The look on Major’s face was priceless. She couldn’t have surprised him more if she’d used her vagina to open it. Like she’d grown a third arm or something.

“I learned it where anyone learns it,” she answered, giving the punch line a long time to marinade. “The kitchen table.”

“What?”

“Don’t worry about it. Just one more second, and… there we go.”

It only took a handful of attempts before the wrench turned. She left the keyhole in the ‘open’ position and slid it back across the seat. Major looked at it.

“Aren’t you going to open it?”

“Once my vision stops swimming, then I’ll open it.” She let out a long sigh.

“I’m going to go to bed, then.”

“You do that.” She knew he wouldn’t. He was as curious as she was, no matter how tired he might have been. It was eating at him. Eating at both of them. “It’s just a bunch of letters.”

“I told you that much, at least. You’re the one who was so curious about it, why don’t you give them a read?”

“Who sends physical letters these days?” She let out a sigh and started scanning through the papers. They were hand-written, and the person who was writing them was far from a great penman. She wasn’t sure whether that made it cute or humiliating. Perhaps both.

“Are we really judging the personal habits of a guy whose grave we just robbed?”

“Point taken.” She let out a breath and set the first sheet down. “This letter is to a woman. They’re all addressed to the same woman, actually: Ruth. Signed… ‘T.’ That’s helpful.”

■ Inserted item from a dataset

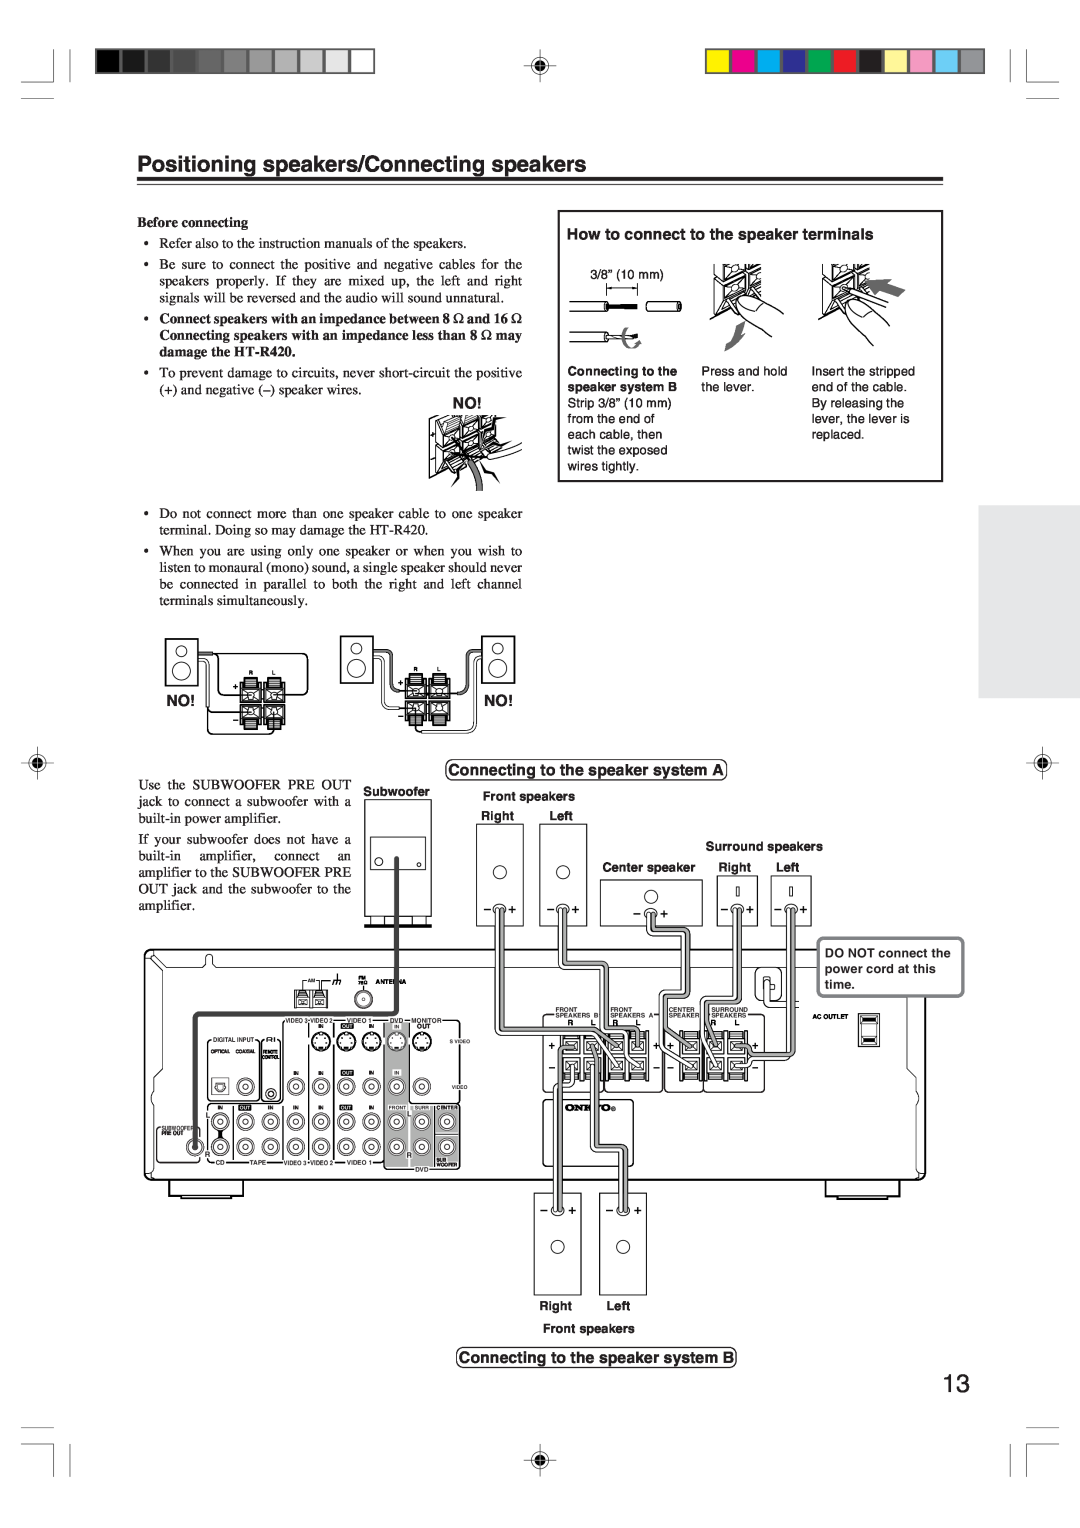 Onkyo HT-R420 appendix Positioning speakers/Connecting speakers, How to connect to the speaker terminals, Before connecting 
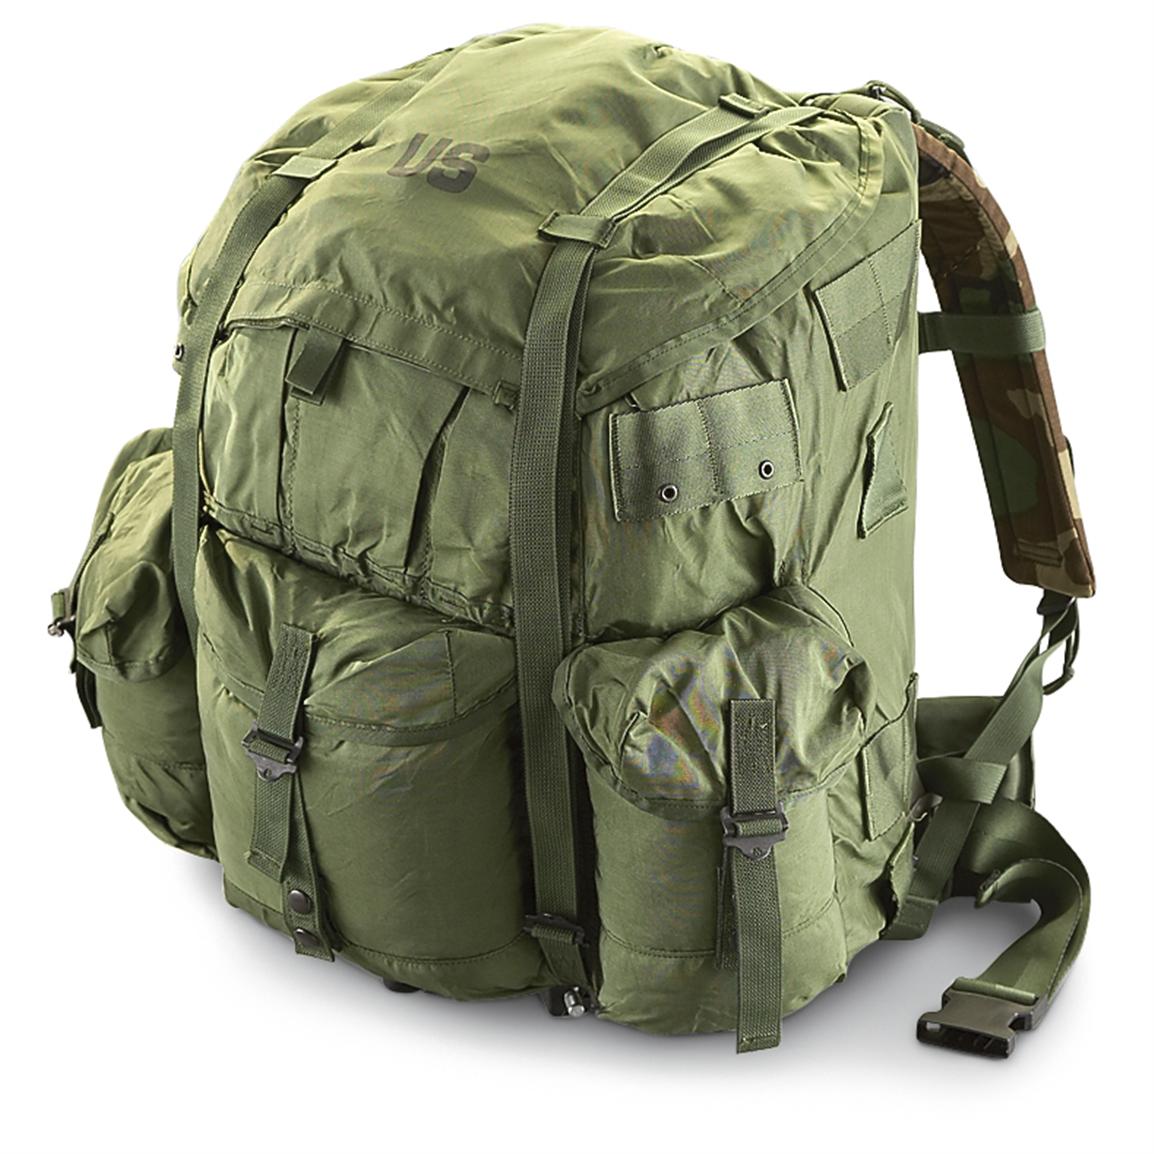 New U.S. Military Large A.L.I.C.E. Pack with Metal Frame, Camo - 167398 ...

“Extremely helpful, yeah.” Major gently tapped a thick finger in the middle of the page. “Usually the interesting parts of a letter come between the salutation and the signature, though, so don’t get disheartened too soon.”

“It’s a bunch of sappy stuff. Very sweet, but nothing that explains why—”

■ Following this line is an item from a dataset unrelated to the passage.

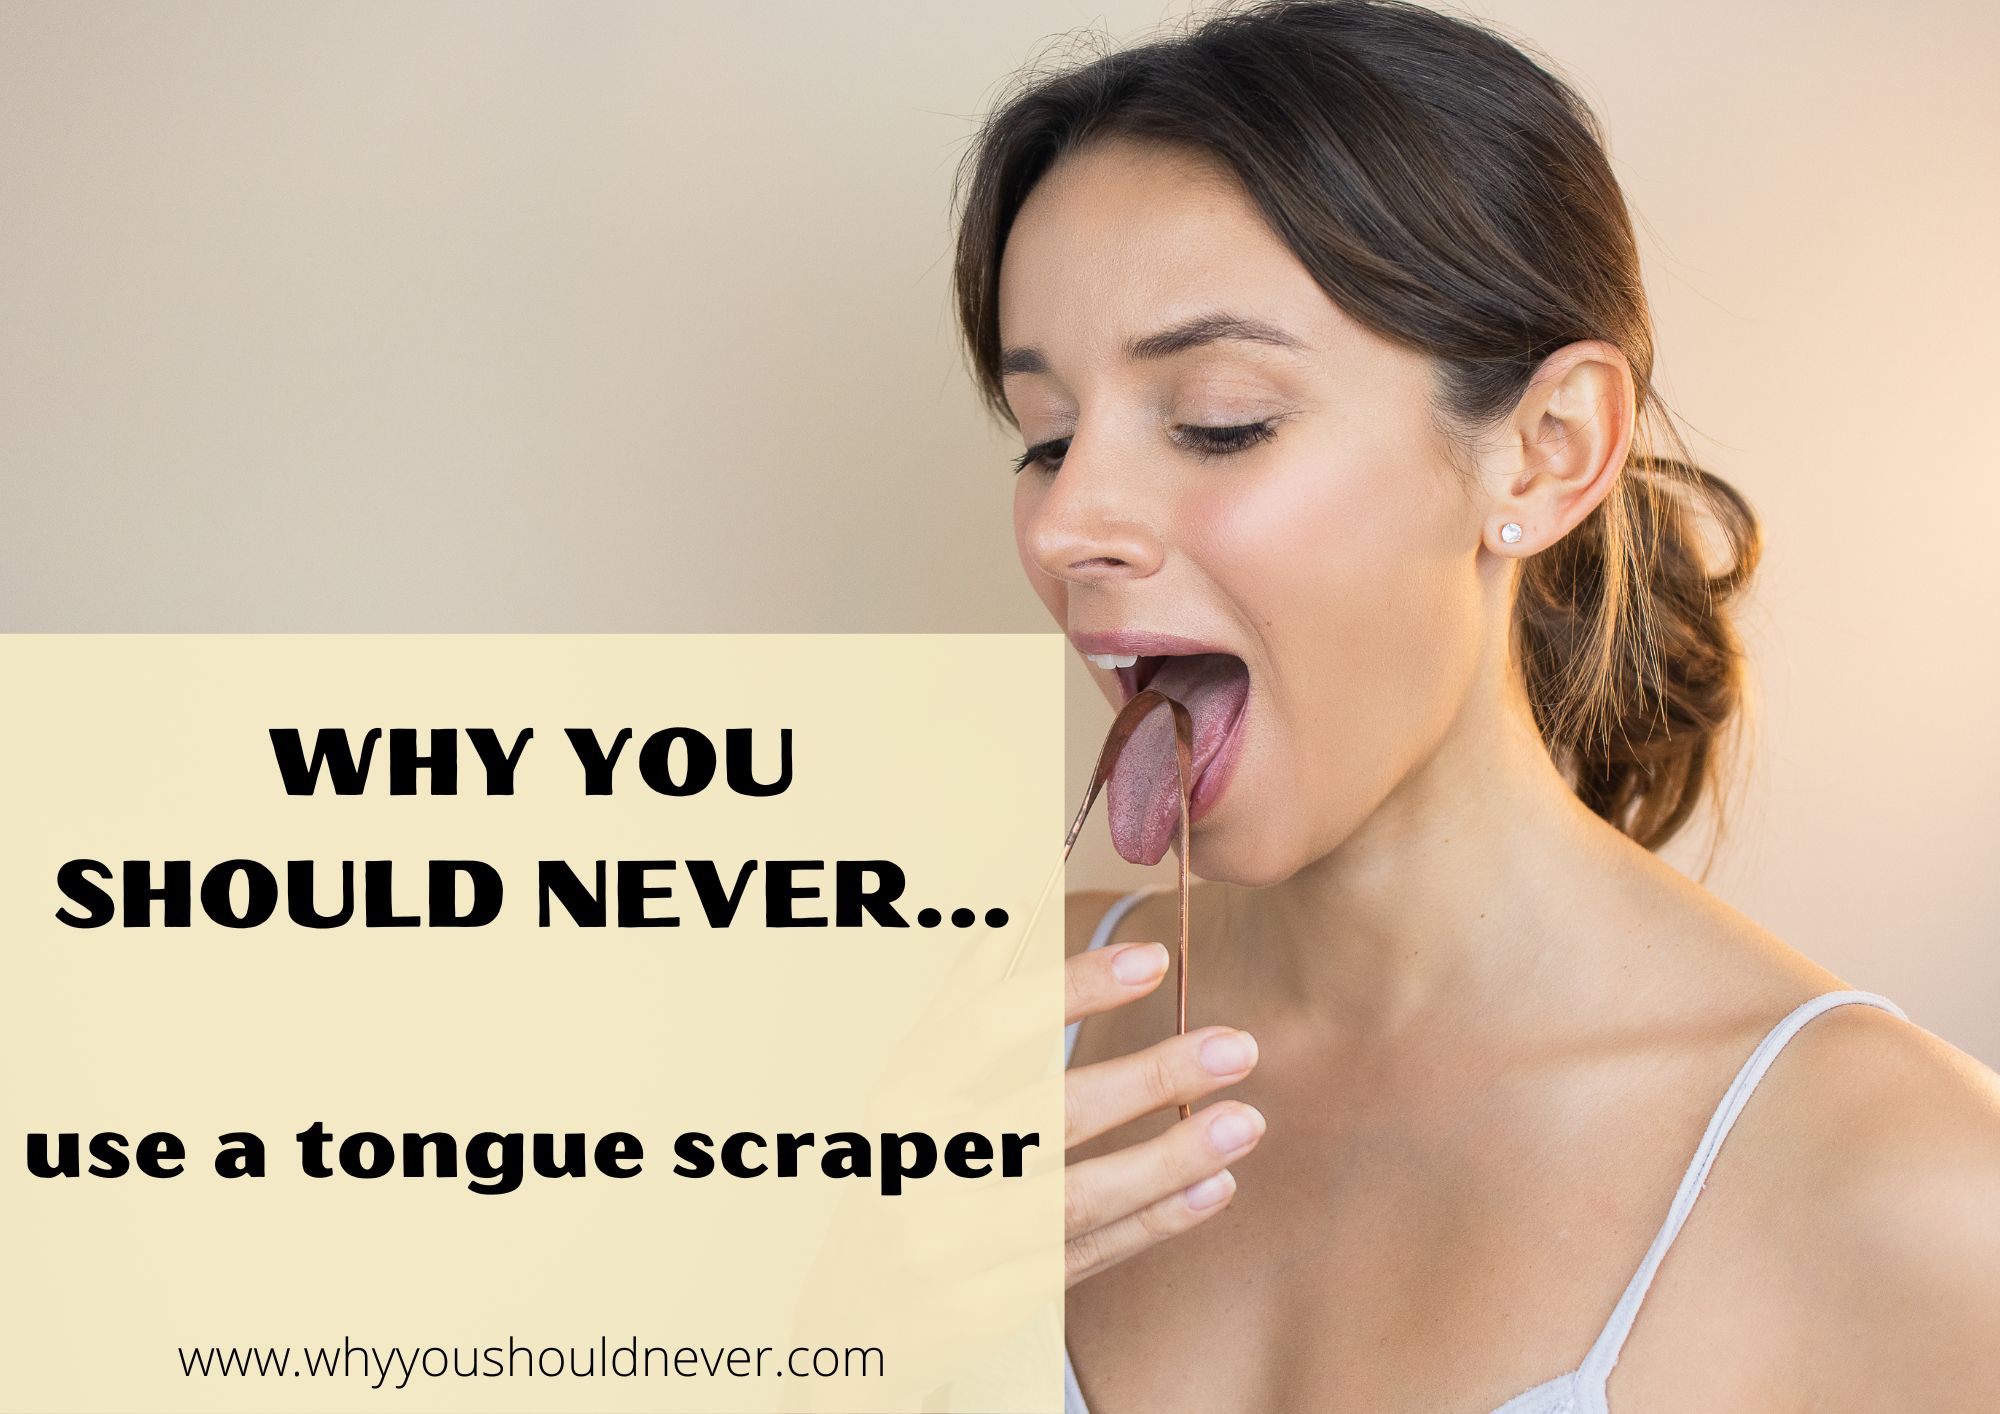 Why You Should Never Use A Tongue Scraper

She stopped so suddenly that Major looked at her like he’d been slapped.

“What?”

“I think I figured out why we just dug up this guy’s grave,” she said.

“Is that right?” He leaned over. She pointed at the passage.

“Listen to this. I don’t know who I’m supposed to report this behavior to. The Commissioner is one of the people who I’m trying to report on, for Christ’s sake! That doesn’t sound like a good time.”

“I don’t know all the details, but according to Leo, there is some stuff going on in the Police precinct, and those letters detail at least some of it.” Major let out a breath. This was the final confirmation that the information that they’d gotten had been at least halfway right. That the work they’d done for the past six hours hadn’t been a fantastic waste of time.

“How delightfully vague,” Daphne mused. Her eyes kept scanning, even when it took six passes to get the sentences down.

“I mean, the only way that the entire situation could get more mysterious would be if he gave us a treasure map to find him first, so yeah. I’d say vague is the order of business.”

“Can we go inside now? I just want to sleep for a month.” As the words came out of Daphne’s mouth she realized just how true they were. She had gone through reserves that she didn’t even know she had, and now she was running on emergency power. That couldn’t last a whole lot longer.

Major pushed the car door open and let out a breath. “That sounds perfect to me right now.”